Why did the ParraCANs cross the road? Cause they CAN. The opinions expressed in ParraCAN Blog are the opinions of and responsibility of the individual contributor and may not reflect the opinions of ParraCAN.
Last week I read a NPR online news article about the sorry state of the Colorado River.
Apparently this guy decided to traverse it from beginning to end, down one of the most prominent waterways in the United States. His adventure, abruptly ended with him in a canoe stuck in mud 145 kilometres short of the Sea of Cortez. The mighty Colorado simply dried up or mudded up. This isn't the kind of joke I belly laugh to.
For 6 million years the river flowed freely from the snow caps of Colorado to the gulf. Along its route the silt laden river provided sustenance for all manner of species and habitats. Where it emptied into was considered, by people who quote these things, to be one of the most diverse seas on earth. So what happened? Rivers do not go dry out without a cause.
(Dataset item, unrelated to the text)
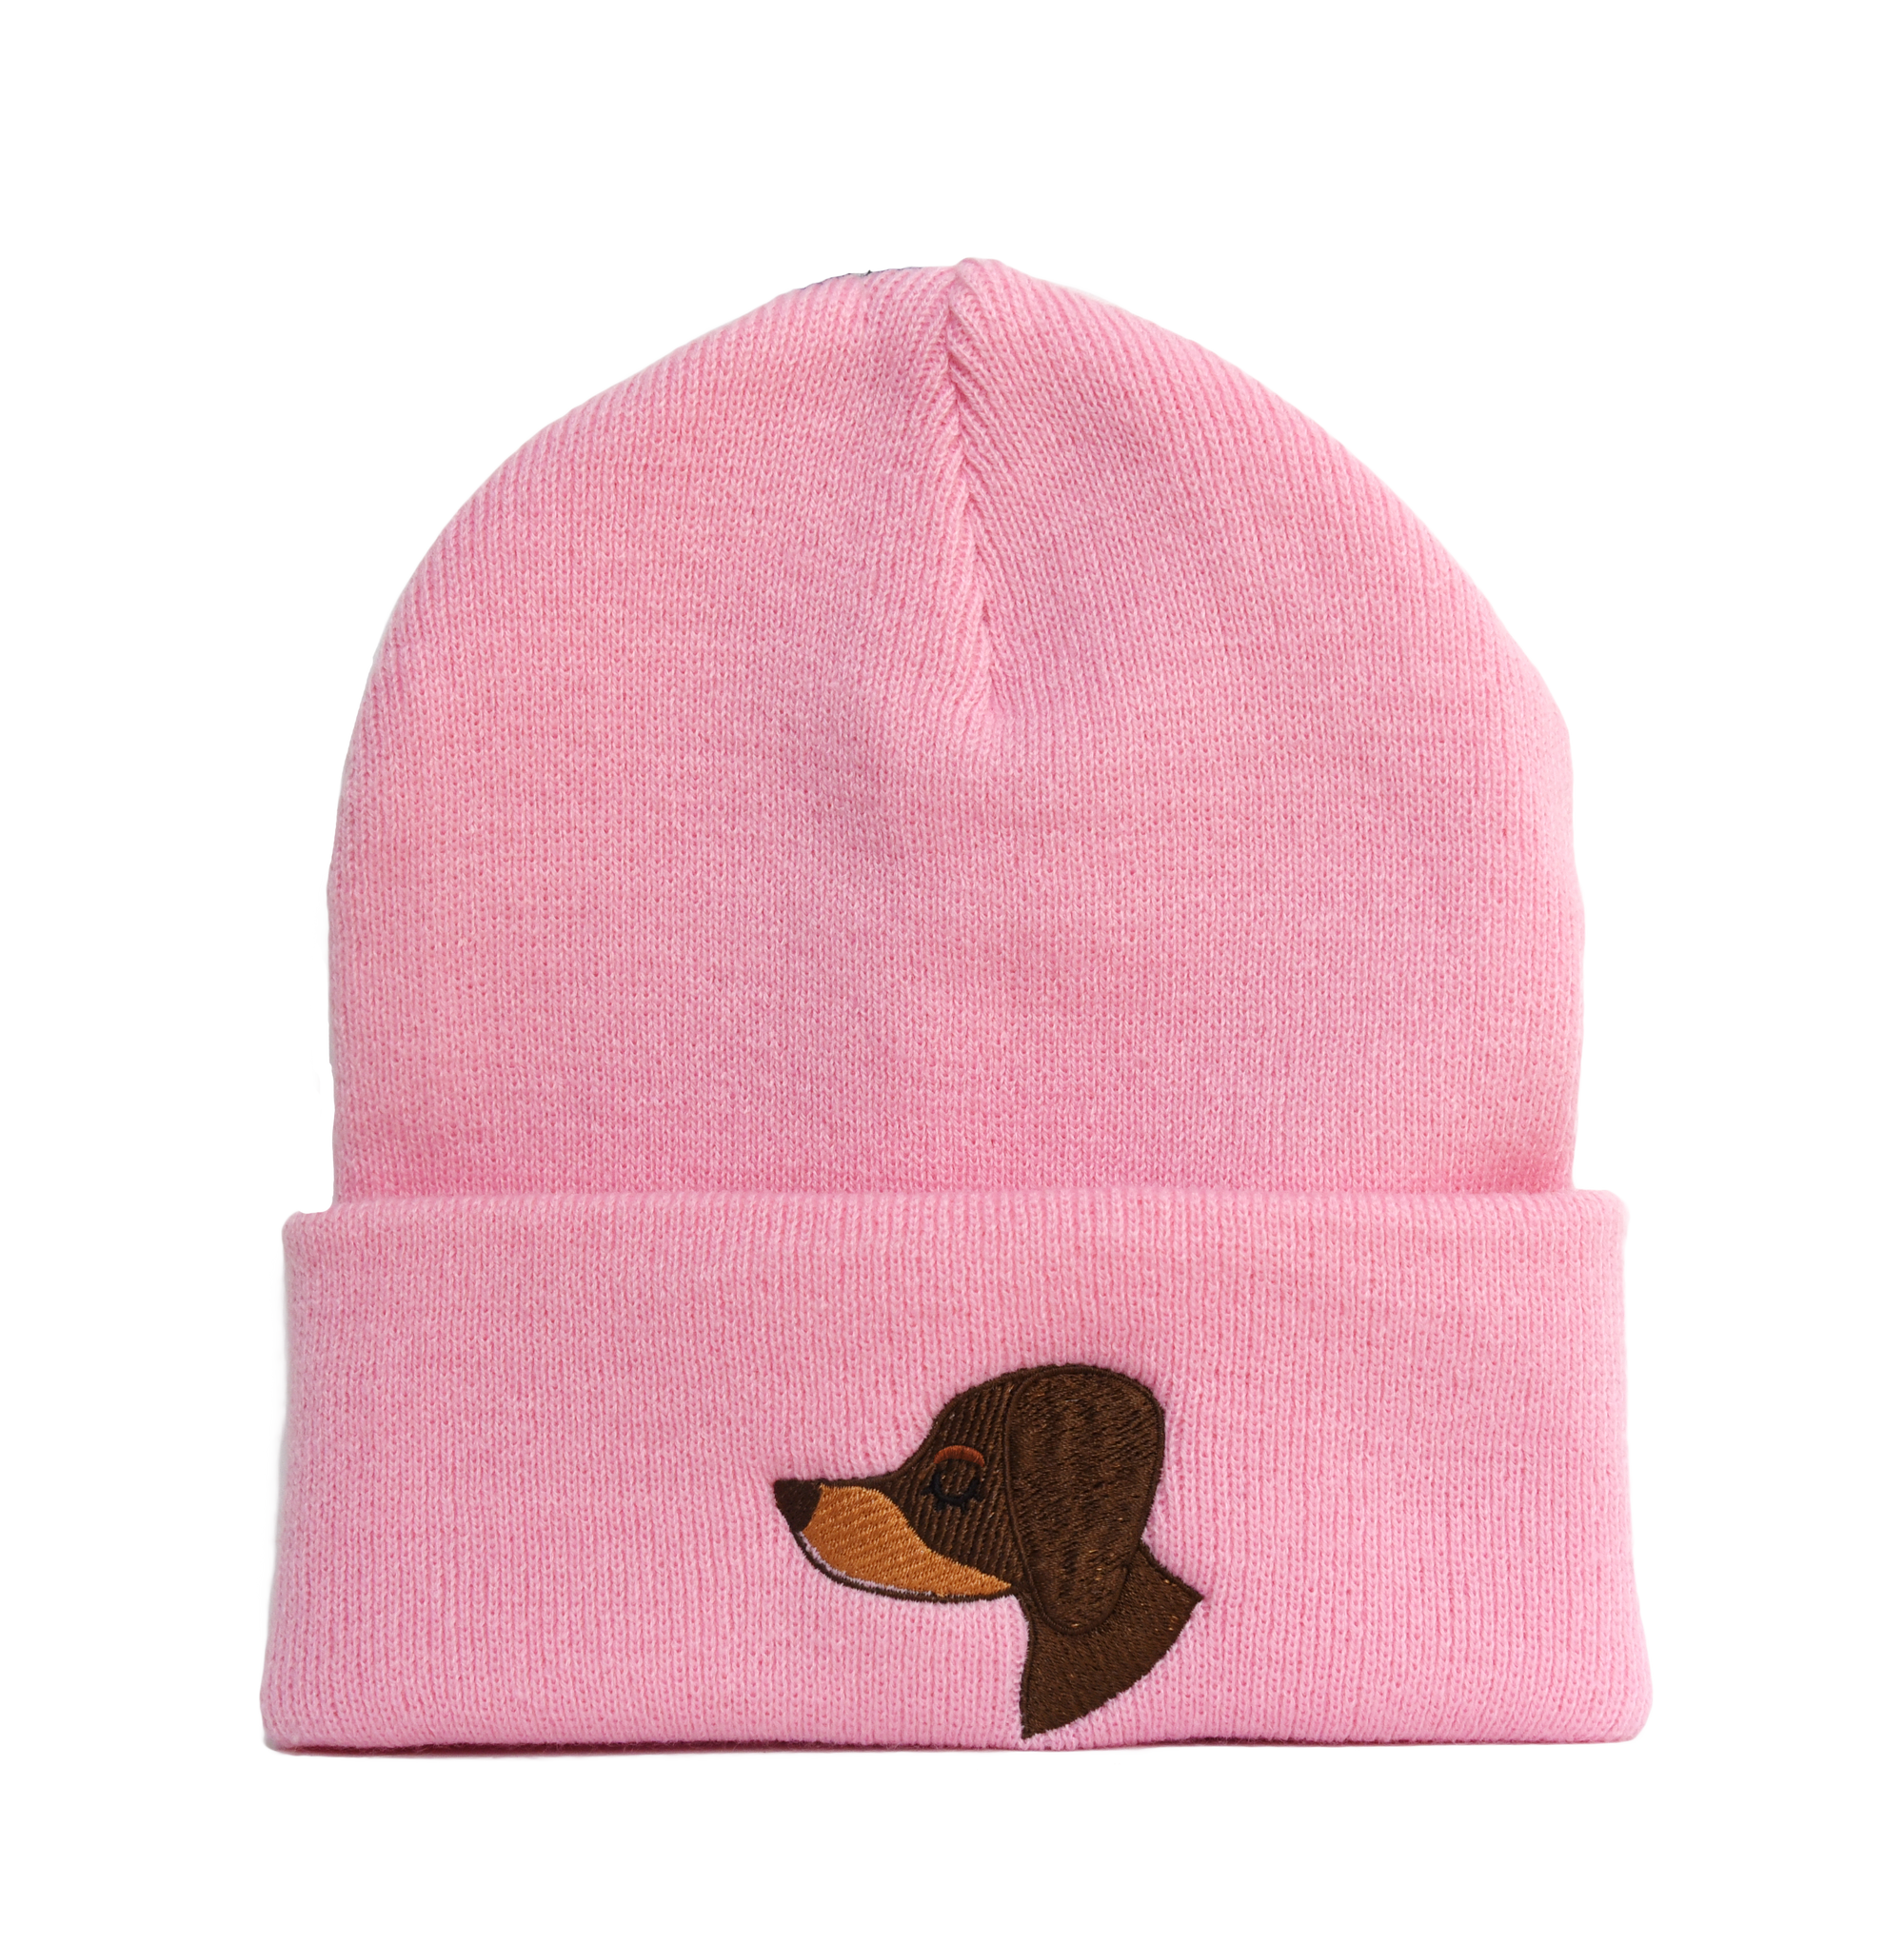 Dachshund Embroidered Beanie Hat

We do not have to look across the Pacific to find our own Colorado's. A year ago the Murray Darling Basin was in similar direness, a river on its knees. The long drought hit hard and big cuts in water usage were urgently required to save it. This was grim news for the farms and towns whose livelihoods depended on the river. Then the floods came and I remember driving through Horsham, Victoria one day and the next it was waylaid under four feet of water. Today the river is flowing, but despite the massive dump of cyclonic rain from Queensland the Basin is still in trouble.
Continuing with the old ways of irrigation and other infrastructures isn't helping. As the Basin produces over one third of Australlia's food supply, risk losing it isn't an option. So we have no choice really, but to be smarter with more sustainable solutions to implement. Imagine if the river went belly up how much everyone and everything it provided for would suffer.
We can't be blithe about the environment for without a healthy sustainable environment we couldn't live there, and now the Gas companies want to drill holes all over these vital agricultural lands the impact on the water table system could be extreme. Isn't it obvious or is it just me that no economic windfall can justify any loss of an indispensible ecosystem like the Basin? Its akin to shooting yourself in the foot, its plainly insane to jeopardise a major food bank and water source.
Well I don't care much for the Colorado river story or for short term money gains. And at the expense of saying so we certainly don't need to repeat the same mistakes here.